実施例1、2と比較例4、5から得られた試料糸および対照糸1について、上記染色性評価により黒色染色を行った。温調性能を有していない対照糸1を用いた染色後の編地ではL*値が10と黒く染まる。有機過酸化物を用いなかった比較例4(芯比率40質量%)では、L*値14と比較的黒くなるが、温調性能が低く、比較例5(芯比率80質量%)では、L*値22と薄くしか染まらなかった。これに対し有機過酸化物を用いた実施例1はL*値13、実施例2は、L*値13と黒く染まると同時に高い温調性能を示した。
〔実施例3〕
芯成分の押出機として240℃に設定した主押出機を用い、鞘成分の押出機として270℃に設定した副押出機を用い、芯成分として温調樹脂II、鞘成分としてKBセーレン株式会社製、繊維用セミダルPET樹脂とをそれぞれ溶解し、芯成分が70質量%、鞘成分が30質量%となる様にギアポンプにて270℃に設定した紡糸ヘッド内へ計量し芯鞘用ノズルより押出し、GR1速度1,000m/分、GR2速度3,000m/分に設定したワインダーで巻取り、スピンドロー法により84dtex/24fの温調性能を有する海島型複合繊維を得た。

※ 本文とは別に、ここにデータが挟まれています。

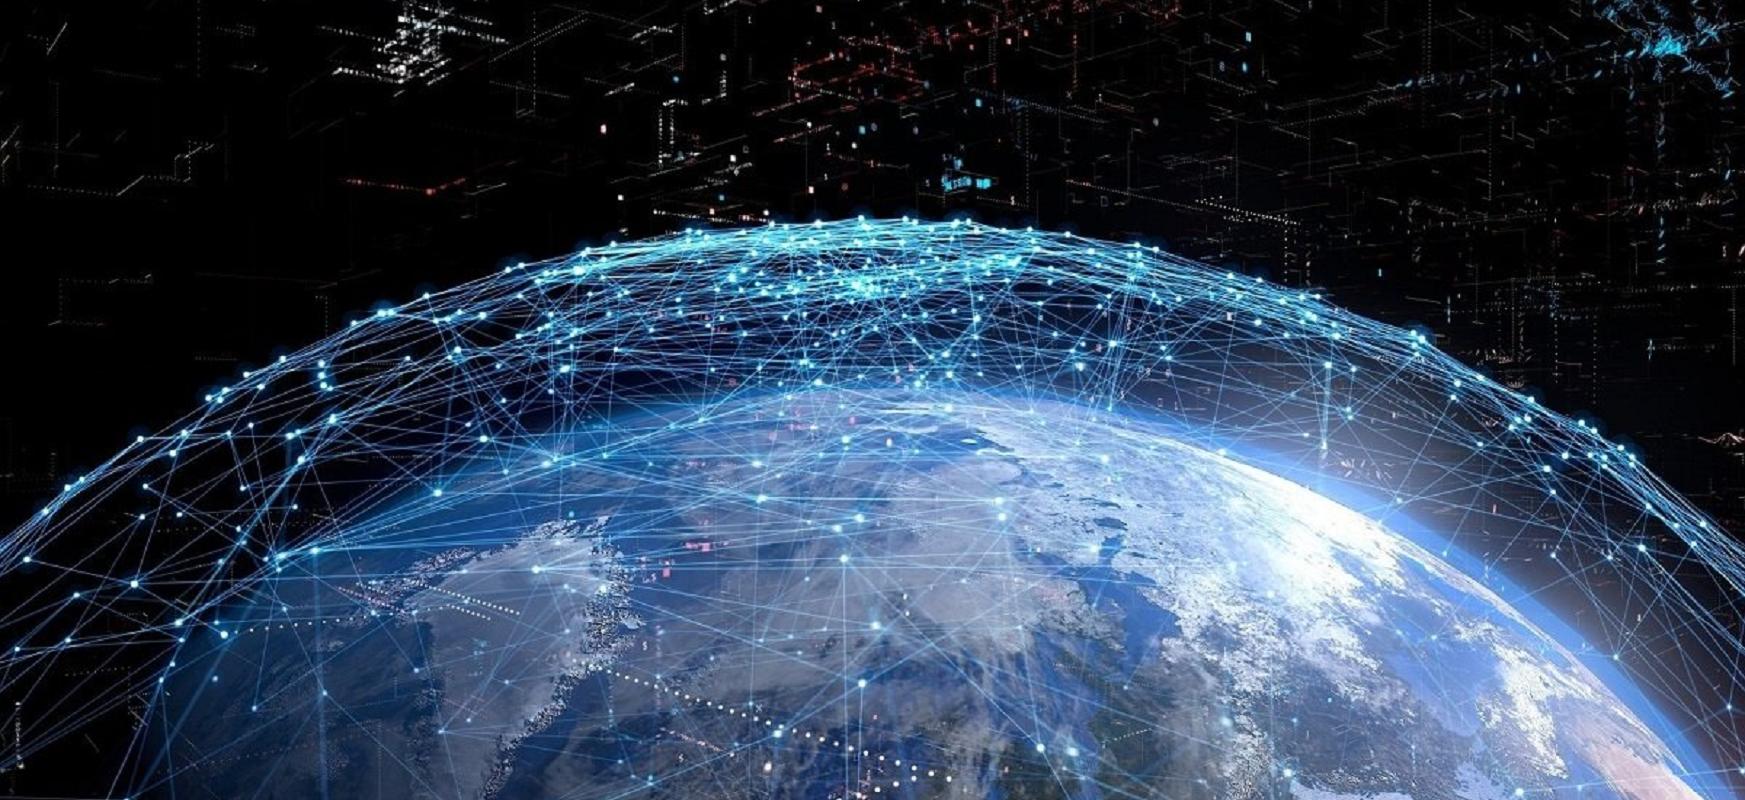 Starlinks internet hornitzen hasiko dira.  Elon Musk-ek sateliteak noiz funtzionatuko duen agerian uzten du

得られた海島型複合繊維を試料糸とし、対照糸2を対照糸とし、温調性能を評価しその結果を表1に示す。
(実施例4)
島成分の押出機として240℃に設定した主押出機を用い、海成分の押出機として265℃に設定した副押出機を用い、島成分として温調樹脂II、海成分としてKBセーレン株式会社製のスルホイソフタル酸が共重合されている繊維用カチオン易染PET樹脂とをそれぞれ溶解し、芯成分が40質量%、鞘成分60質量%となる様にギアポンプにて265℃に設定した紡糸ヘッド内へ計量し、19海島用ノズルより押出し、GR1速度1,000m/分、GR2速度3,000m/分に設定したワインダーで巻取り、スピンドロー法により84dtex/24fの海島型複合繊維を得た。
得られた海島型複合繊維を試料糸とし、対照糸2を対照糸とし、温調性能を評価しその結果を表1に示す。
Figure 0006917218
本発明の実施例から得られた海島型複合繊維は、紡糸性は良好で、優れた温度調節機能を有したものであり、かつ染色性も高かった。比較例から得られた海島型複合繊維は、紡糸性、温調性能、染色性のいずれか1つ以上が不良であった。
以上のように、本発明の海島型複合繊維は、紡糸性および温調性能は良好で、繊維中に結晶性α−ポリオレフィンを高濃度に含有させることができる。このため、温調性能を有する結晶性α−ポリオレフィンを含有する繊維において、結晶性α−ポリオレフィンを高濃度に含有させることにより、より優れた温調性能を有する繊維としたり、ポリオレフィンに対し結晶性α−ポリオレフィンを高濃度に分散させ、繊維中に染色性に乏しいポリオレフィンの含有量を少量とすることにより濃染性を繊維に付与することも可能となる。
本発明の海島型複合繊維は、優れた温調性能を有しているので外気温度の変化に対し、衣服等にした場合、温度変化がゆっくりとなり、快適性をもたらす効果が非常に高い。従って、インナーウェア、アウターウェアなどの日常的な衣料品として、また冬の寒い時期に暖房の効いた暖かい部屋や布団の中から寒い廊下やトイレなど場所に行った場合に生じるヒートショックの緩和等にも幅広く利用することが可能である。
本発明の海島型複合繊維は、種々の繊維構造体とすることができ、インナーやスポーツウェア等の衣料用のみならず、傘地やテント地のアウトドア用品等の産業資材に好適に用いることができる。
1 繊維形成性樹脂
2 温調樹脂

Claims (4)

  1. 結晶性α−ポリオレフィンとポリプロピレンとを、有機過酸化物にて架橋した温調樹脂を島成分とし、繊維形成性樹脂を海成分とし、前記結晶性α−ポリオレフィンが、末端に二重結合を有する炭素数12、16、18、20、22および24の高級α−オレフィンの群より選ばれる少なくとも1種類以上を重合した重合体である海島型複合繊維。
  2. 結晶性α−ポリオレフィン融点が20℃以上、45℃以下であることを特徴とする請求項1記載の海島型複合繊維。
  3. 繊維形成性樹脂が、ポリアミド樹脂もしくはポリエステル樹脂である請求項1または2記載の海島型複合繊維。
  4. 請求項1〜3のいずれか1項に記載の海島型複合繊維を25質量%以上含有する布帛。